▶ **EXERCISE OBJECTIVE**: Copy the data precisely, character for character, and leave out every picture.

▶ **INFORMATION PROVIDED**:
= = = = = = =
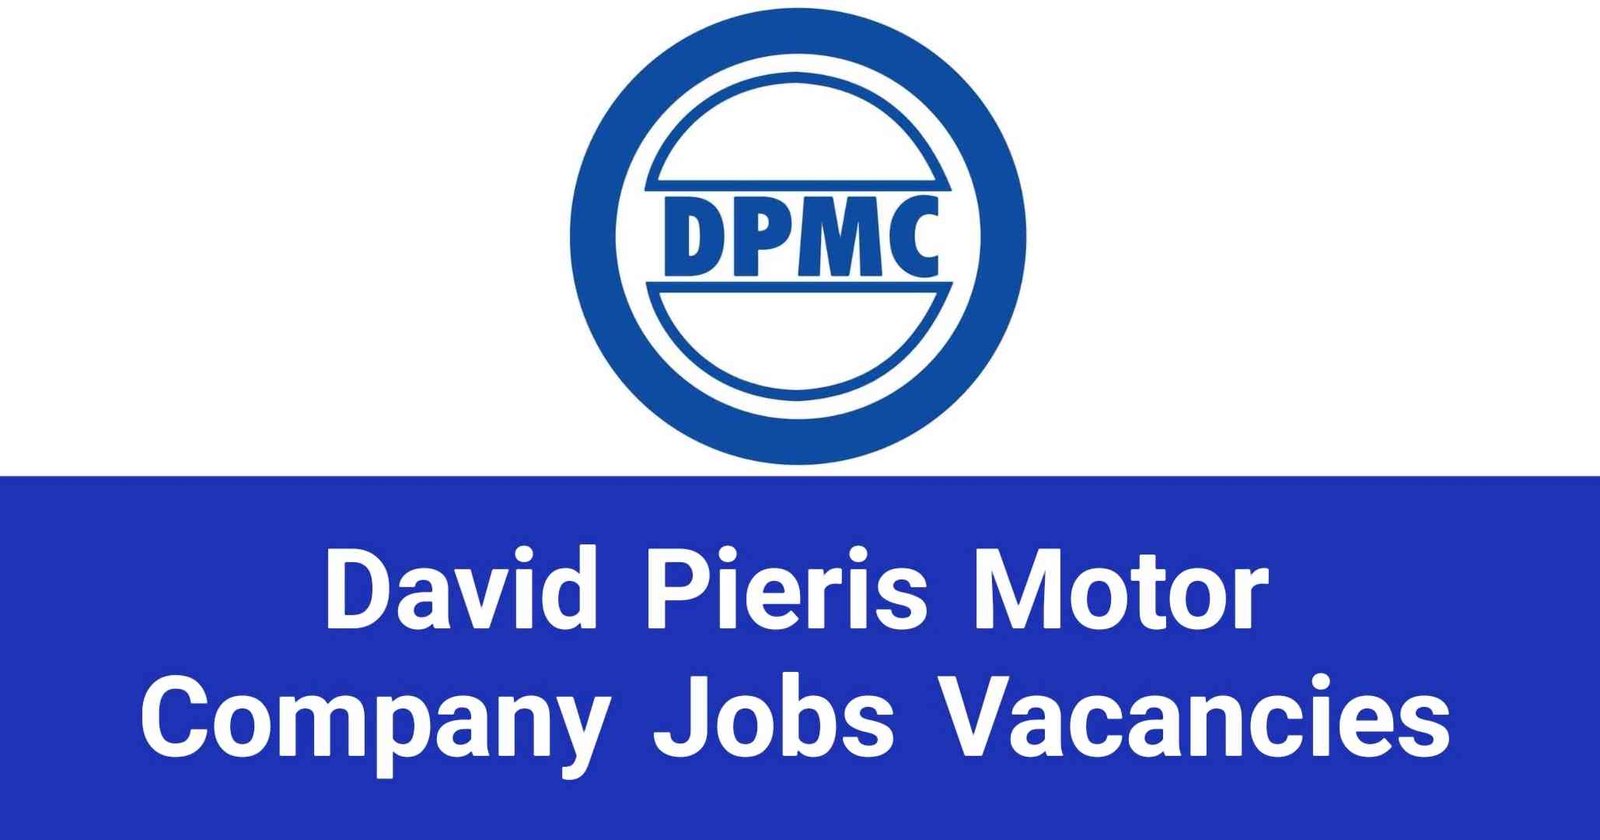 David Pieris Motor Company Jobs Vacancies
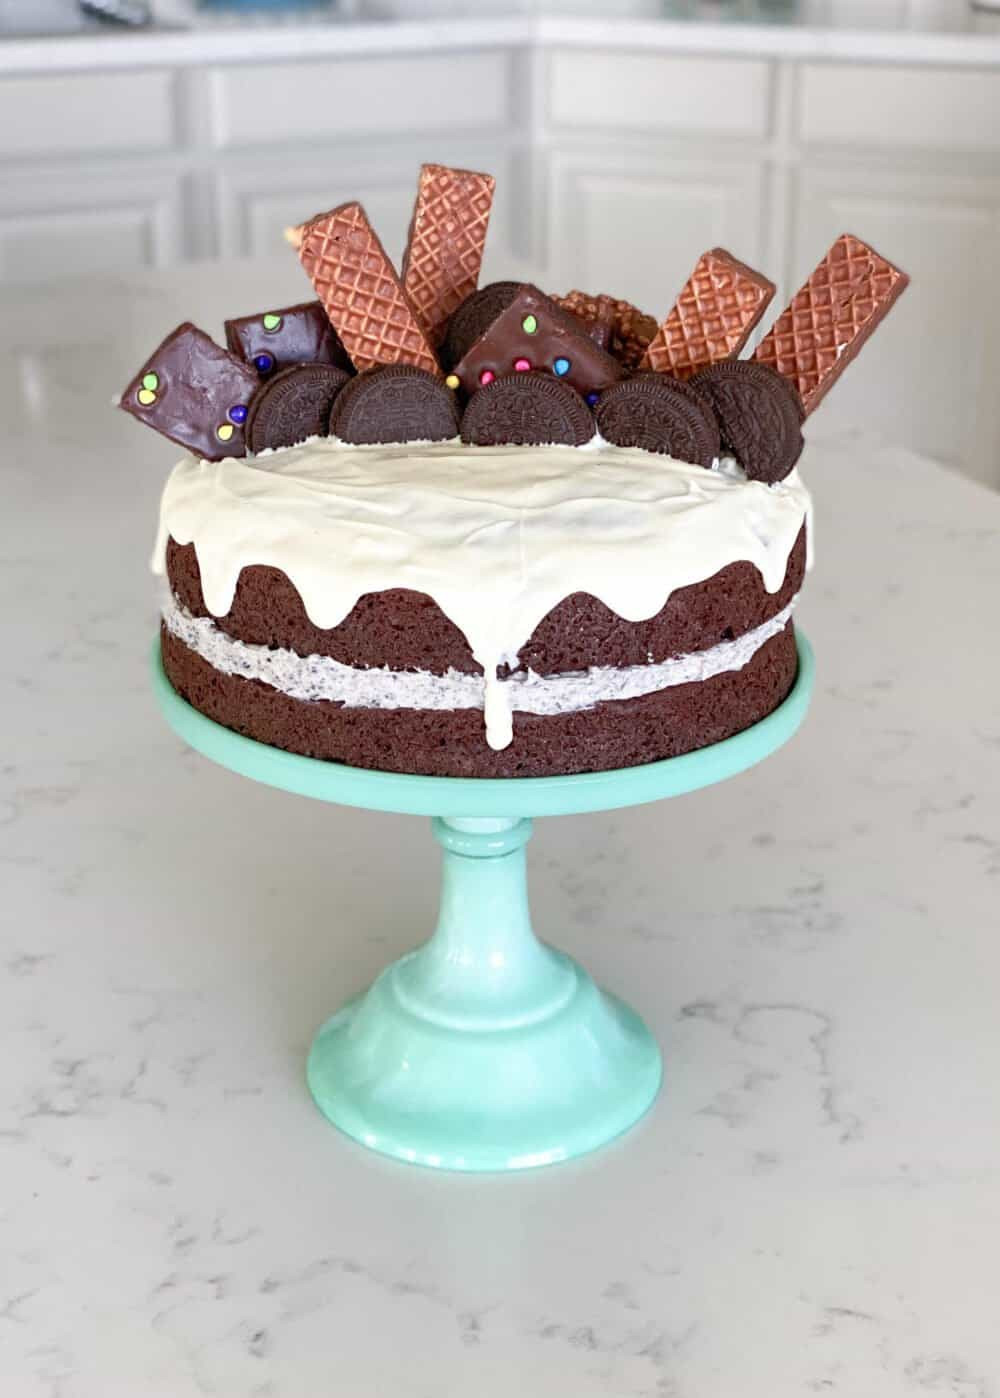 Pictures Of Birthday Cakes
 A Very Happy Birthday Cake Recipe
= = = = = = =
▶ **RESPONSE**:
 David Pieris Motor Company Jobs Vacancies
 Pictures Of Birthday Cakes
 A Very Happy Birthday Cake Recipe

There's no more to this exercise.